Il n’existe aucune contestation sérieuse sur la régularité du commandement en ce qu’il correspond exactement au détail des montants réclamés préalablement au preneur par le bailleur. En annexe du commandement, figure en effet le détail complet des loyers et charges dus et le décompte des versements effectués. En outre, le commandement précise qu’à défaut de paiement dans le délai d’un mois, le bailleur entend expressément se prévaloir de la clause résolutoire incluse dans le bail ; la reproduction de la clause résolutoire et de l’article L. 145-17 alinéa 1 du code de commerce y figurent. Le commandement contenait ainsi toutes les précisions permettant au locataire de connaître la nature, les causes et le montant des sommes réclamées, de procéder au règlement des sommes dues ou de motiver la critique du décompte.

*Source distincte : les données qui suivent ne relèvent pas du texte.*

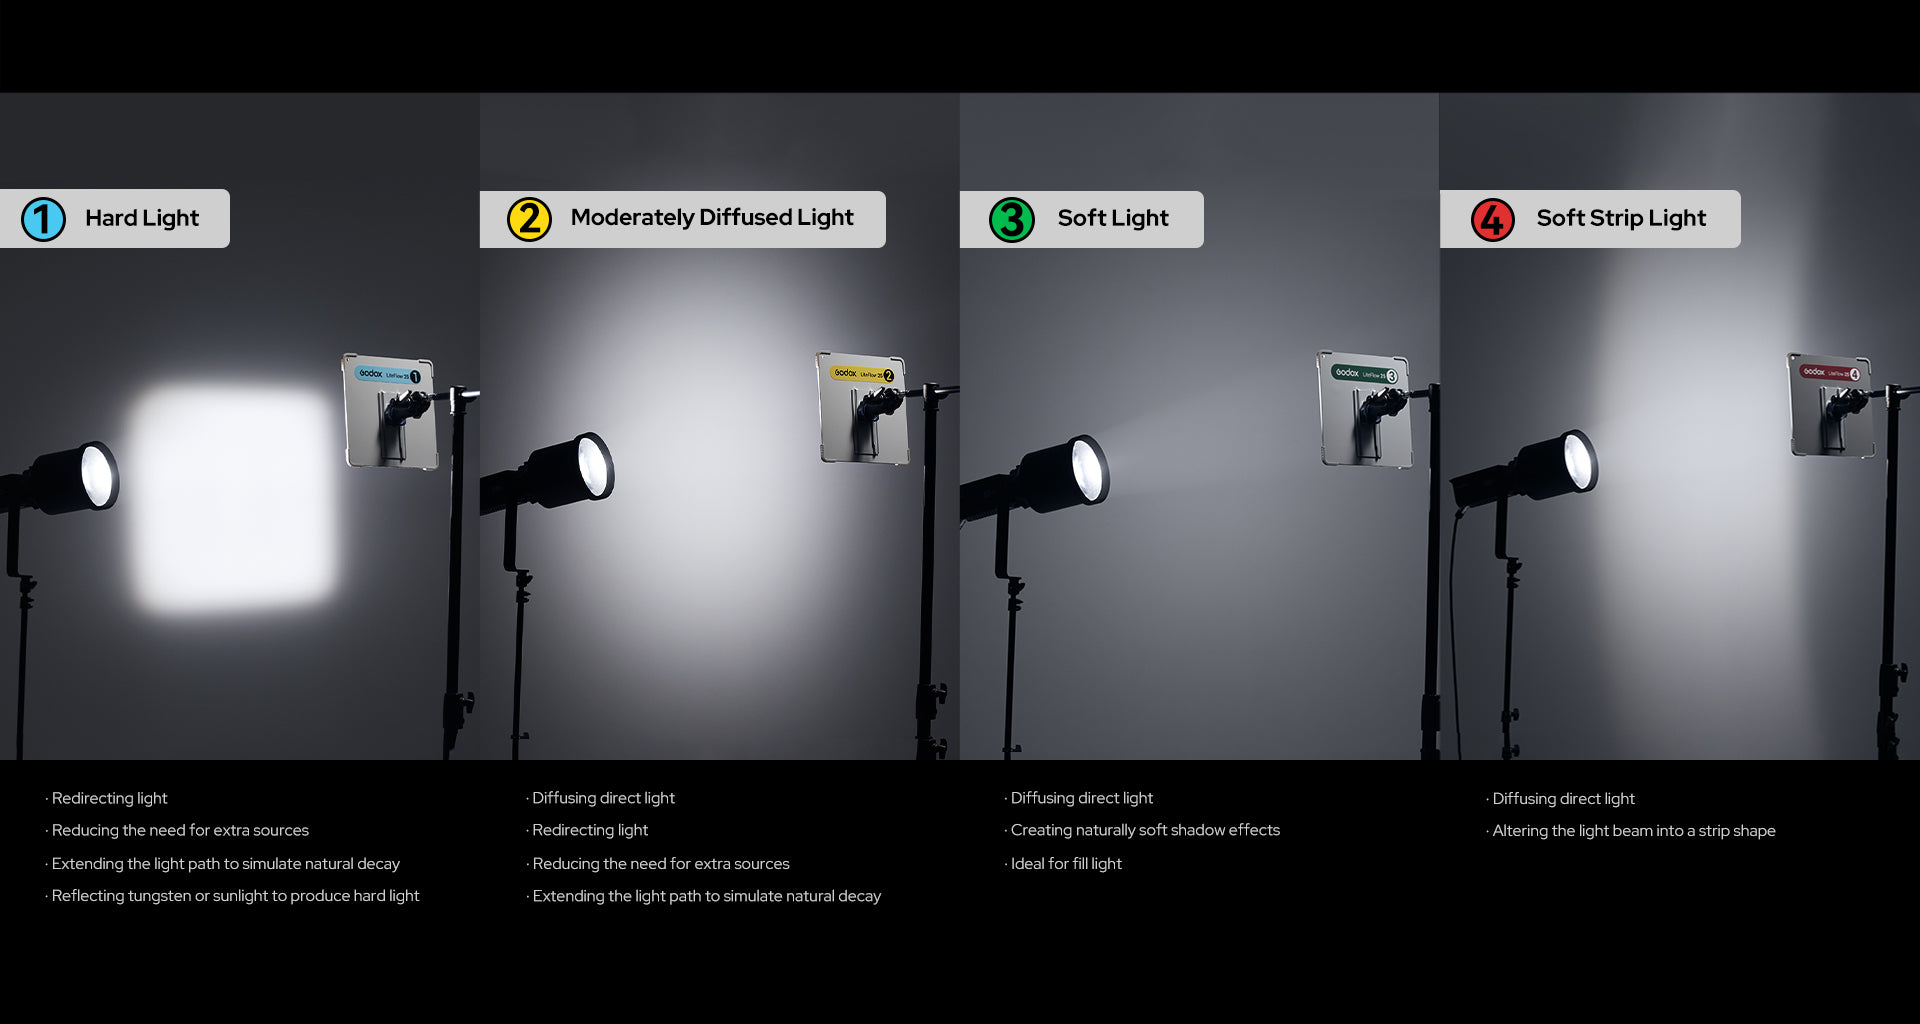 GODOX KNOWLED Cine Lighting Reflector LiteFlow 50 Reflector Kit

Il résulte du décompte actualisé au 15 avril 2025 produit par [Localité 5] Habitat-OPH que les causes de ce commandement n’ont pas été acquittées par la défenderesse dans le mois de sa délivrance.
Dès lors, les conditions d’acquisition de la clause résolutoire se sont trouvées réunies à la date du 3 avril 2025 et le bail s’est trouvé résilié de plein droit avec toutes conséquences de droit.

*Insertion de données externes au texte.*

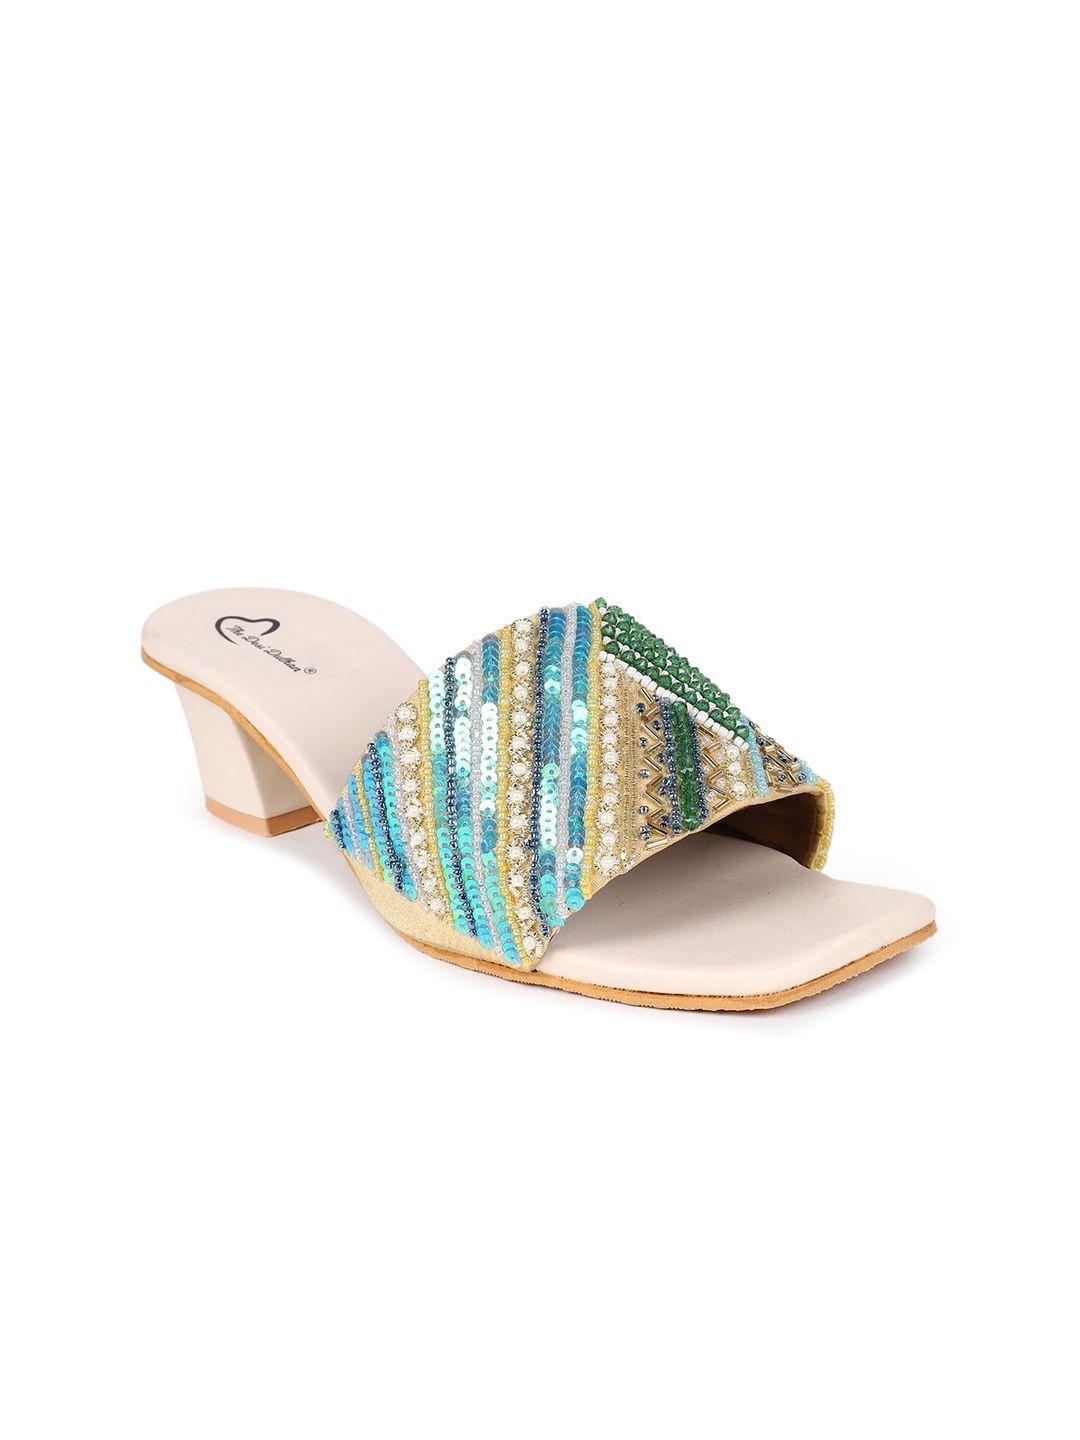 the desi dulhan embellished ethnic block heels

Sur la demande relative à l’expulsion
Aux termes de l’article 835, alinéa 1er, du code de procédure civile, le président peut toujours, même en présence d’une contestation sérieuse, prescrire en référé les mesures conservatoires ou de remise en état qui s’imposent, soit pour prévenir un dommage imminent, soit pour faire cesser un trouble manifestement illicite.
Le maintien dans un immeuble, sans droit ni titre du fait de la résiliation du bail, constitue un trouble manifestement illicite.
L’expulsion de la société Titty coiffure et de tout occupant de son chef doit donc être ordonnée en cas de non restitution volontaire des lieux dans les 15 jours de la signification de la présente ordonnance.
Il n’est pas, en revanche, justifié de la nécessité de prononcer une astreinte. Il ne sera, en conséquence, pas fait droit à la demande de ce chef.
Le sort des meubles trouvés dans les lieux sera régi en cas d’expulsion conformément aux dispositions du code des procédures civiles d’exécution et selon les modalités précisées au dispositif de l’ordonnance.
Sur les demandes de provisions
L’article 835, alinéa 2, du code de procédure civile dispose que, dans les cas où l’existence de l’obligation n’est pas sérieusement contestable, le juge des référés peut accorder une provision au créancier.
Il appartient au demandeur d’établir l’existence de l’obligation qui fonde sa demande de provision tant en son principe qu’en son montant et la condamnation provisionnelle, que peut prononcer le juge des référés sans excéder ses pouvoirs, n’a d’autre limite que le montant non sérieusement contestable de la créance alléguée.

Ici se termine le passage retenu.